L’enthousiaste venait de terminer ainsi sa narration, quand le docteur entra avec grand fracas, frappa violemment le plancher de sa canne, et s’écria tout en colère :

— Les voilà encore assis à se raconter des histoires folles et fantastiques, sans égard à leur voisinage, et rendant encore plus malades les gens qui le sont.

— Mais qu’est-il donc arrivé, mon très-cher ? demanda le maître de chapelle tout effrayé.

— Je le sais très bien, dit froidement l’enthousiaste.

— Il n’y a rien de plus ni de moins, sinon que Bettina, nous ayant entendus parler chaleureusement, est entrée dans ce cabinet et a tout entendu. Voilà, vociféra le docteur, voilà les suites de vos maudites histoires mensongères, enthousiaste insensé ! Vous empoisonnez les âmes sensibles, vous les perdez avec vos récits extravagants ; mais je saurai vous en faire démordre.

— Excellent docteur ! dit l’enthousiaste en interrompant le cours de cette colère, ne vous emportez pas, et, songez-y, la maladie psychique de Bettina a besoin de remèdes psychiques, et peut-être mon histoire…
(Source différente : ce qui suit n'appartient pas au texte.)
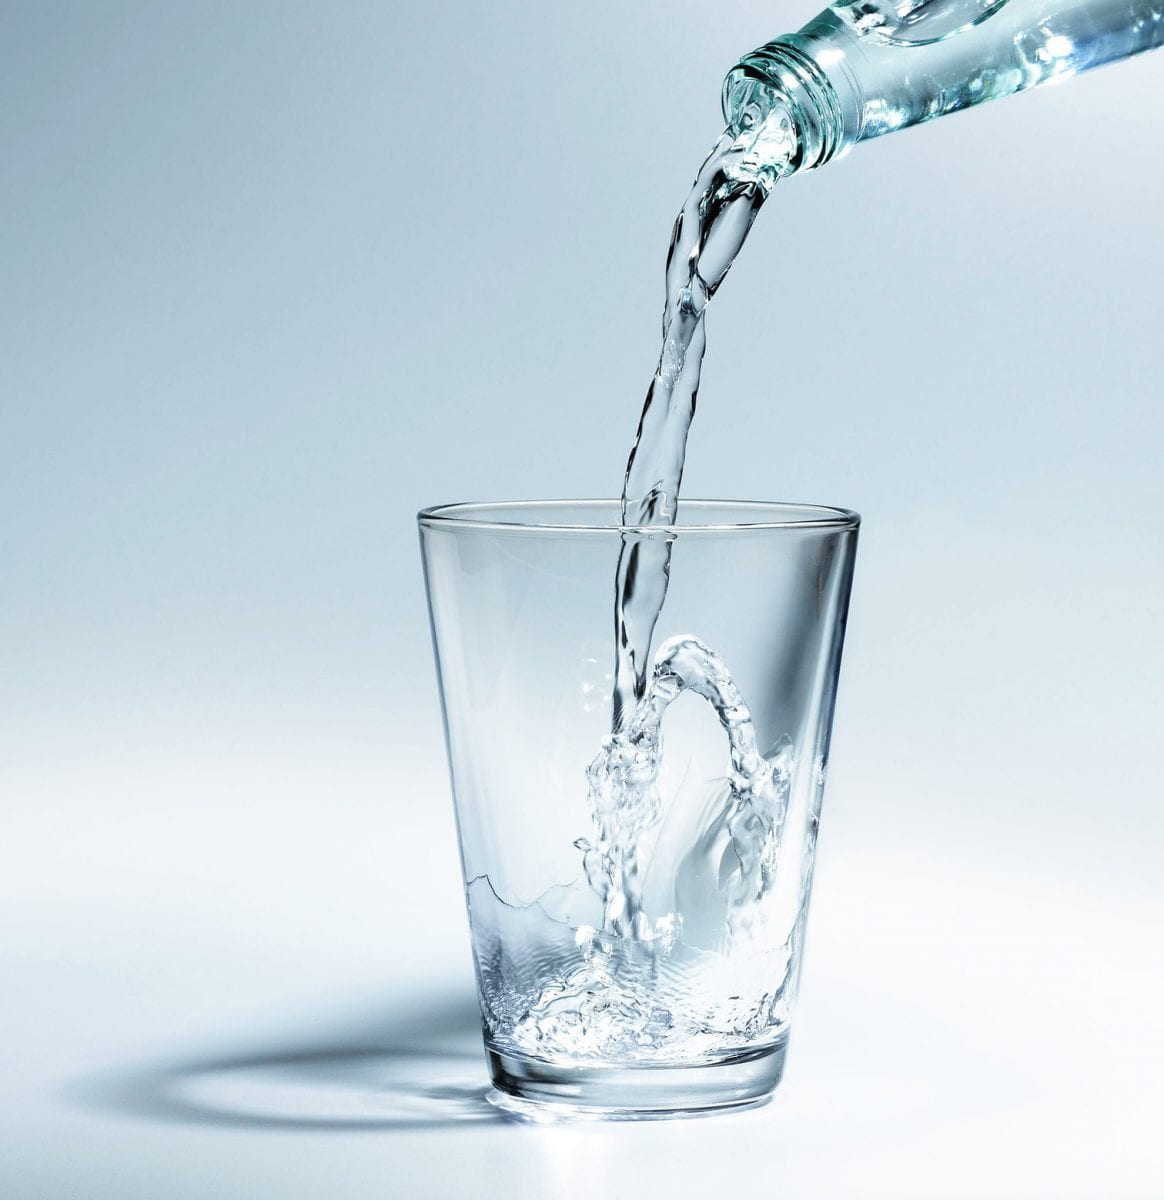 H2O : Hydratation non-stop

— Silence ! silence ! dit tranquillement le docteur ; je sais déjà ce que vous voulez dire.

— Ce n’est pas bon pour faire un opéra ; mais il y a néanmoins là-dedans des motifs d’airs fort originaux, murmura le maître de chapelle en prenant son chapeau et en suivant ses amis.

Trois mois plus tard, le voyageur enthousiaste baisait avec effusion et transport les mains de Bettina. Elle était rétablie, et, d’une voix éclatante, elle avait chanté le Stabat mater de Pergolèse, non toutefois dans une église, mais dans un assez vaste appartement.

— Vous n’êtes pas précisément sorcier, lui dit-elle, mais vous avez un caractère bizarre, et vous aimez parfois à contrarier.

— C’est comme tous les enthousiastes, ajouta le maître de chapelle.



NOTES DU TRADUCTEUR

1. C’est un nom sous lequel Hoffmann se désigne lui-même.

2. Espèce de clavecin.

3. Allusion un poème de Goethe, dans lequel l’apprenti sorcier a su évoquer les esprits; mais il ignore la formule pour les forcer à s’en aller.